The BBC has made a wide range budget cuts in the 2013/4 financial year, including removing £6 million of "talent" costs as high-salaried presenters including Susannah Reid departed the corporation.
As part of its 2013/2014 Annual Report, the public service broadcaster revealed that it had spent £194 million on presenters and other on-air talent compared to £200 million the previous year, a decrease of 3 per cent.
The Annual Report said the BBC had delivered £580 million efficiency savings under its continuous improvement programme. The figure is in addition to the £2 billion in cumulative savings delivered between 2008/09 and 2012/13.
The corporation said that figure had exceeded the 3 per cent year on year efficiency savings target set by the BBC Trust.

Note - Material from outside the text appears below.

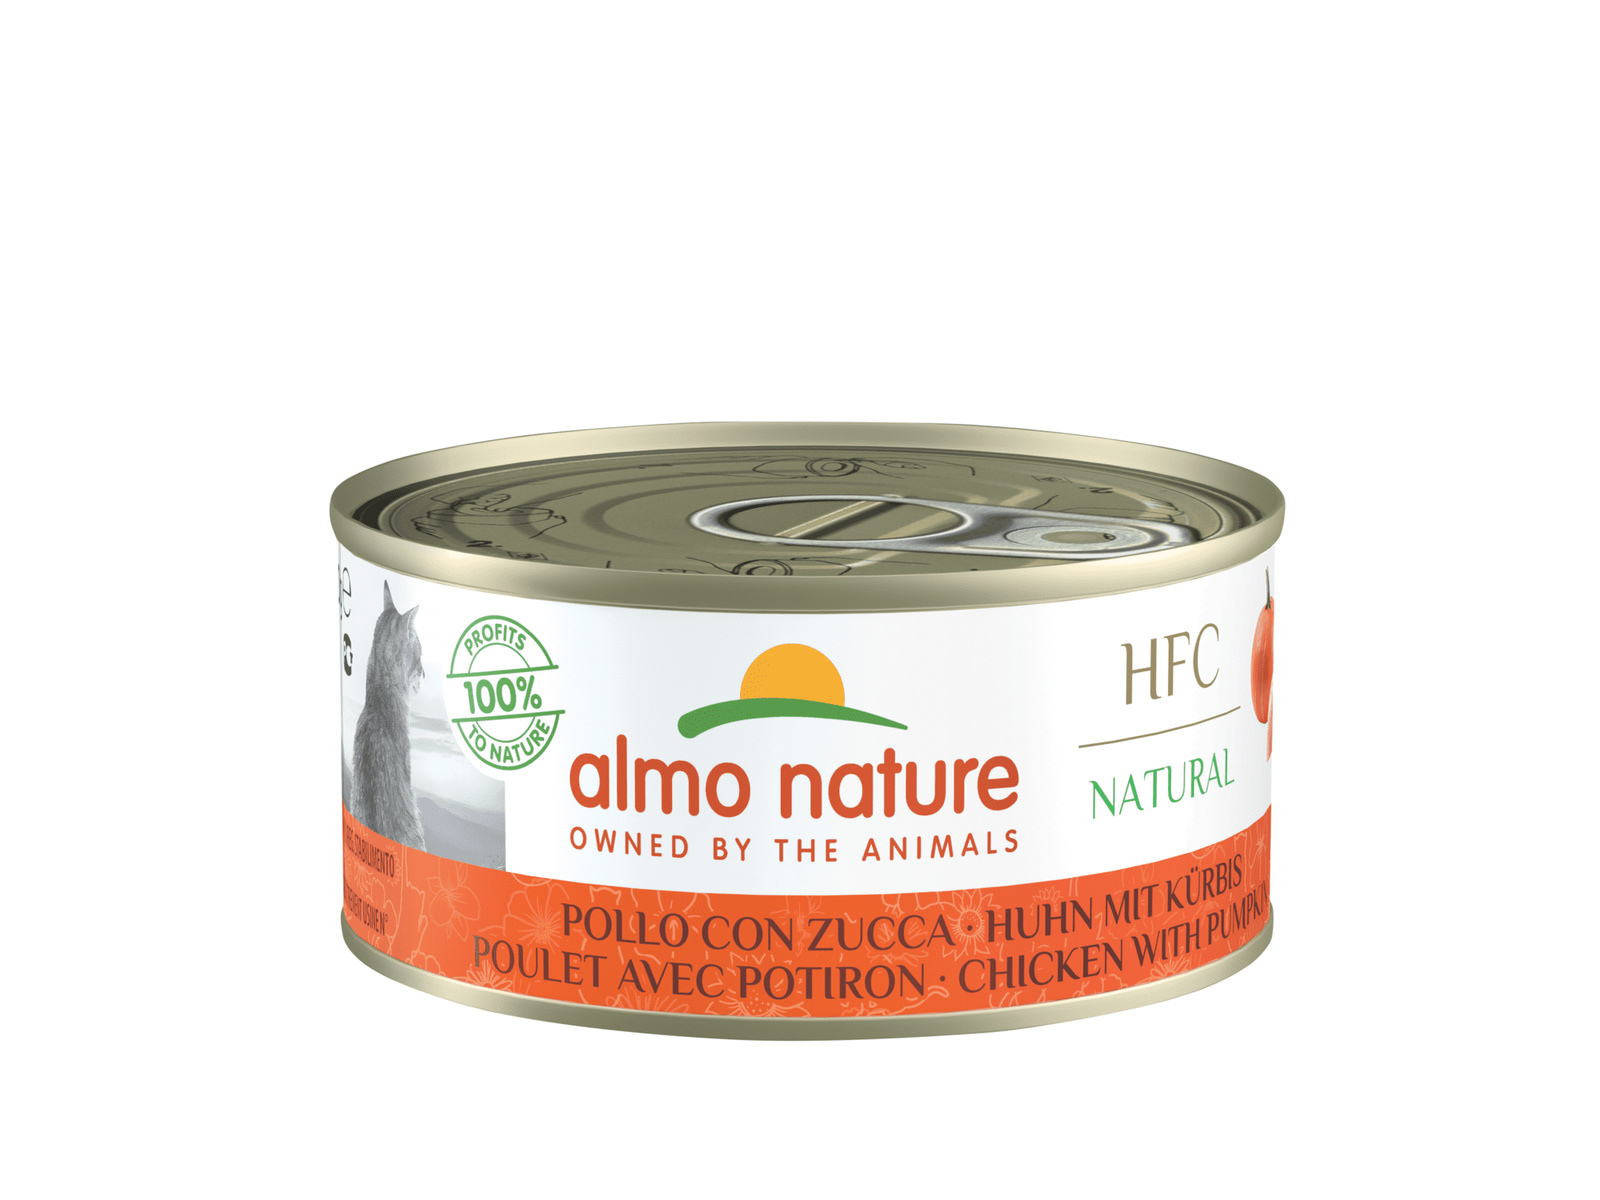 Almo Nature консервы Almo Nature консервы для кошек, с курицей и тыквой, 55% мяса (1 шт., 150 г)

In addition, the BBC said that early indications suggested that the efficiencies had been achieved without a detrimental impact on overall audience numbers or appreciation scores.
Senior management at the corporation was cut by 8 per cent last year and the number of top earners on salaries of more than £100,000 fell for the fourth consecutive year.
The BBC Trust said it had also cut the maximum level of the director general’s pay. The new salary for the top post is now set at £450,000, down 26.5 per cent from the £613,000 in 2011/12. The Trust said the revised salary represented "value for money" for licence fee payers.
The changes to the director general’s salary followed the £802,000 pay off for the former director general George Entwistle. There is now a proposed cap on pay offs of £150,000.
The corporation also addressed the Jimmy Savile and Stuart Hall sexual abuse scandals and their affect on audiences’ trust in the BBC. It said: "Rebuilding that trust will continue to be the focus for the entire organisation in the year ahead."
Tony Hall, the director general of the BBC, said: "As we move towards our centenary, the BBC should be optimistic about the future. Like any organisation, we face significant challenges but there also great opportunities.
"As I said on my first day as director general, I firmly believe that with imagination and hard work the BBC’s best days lie ahead."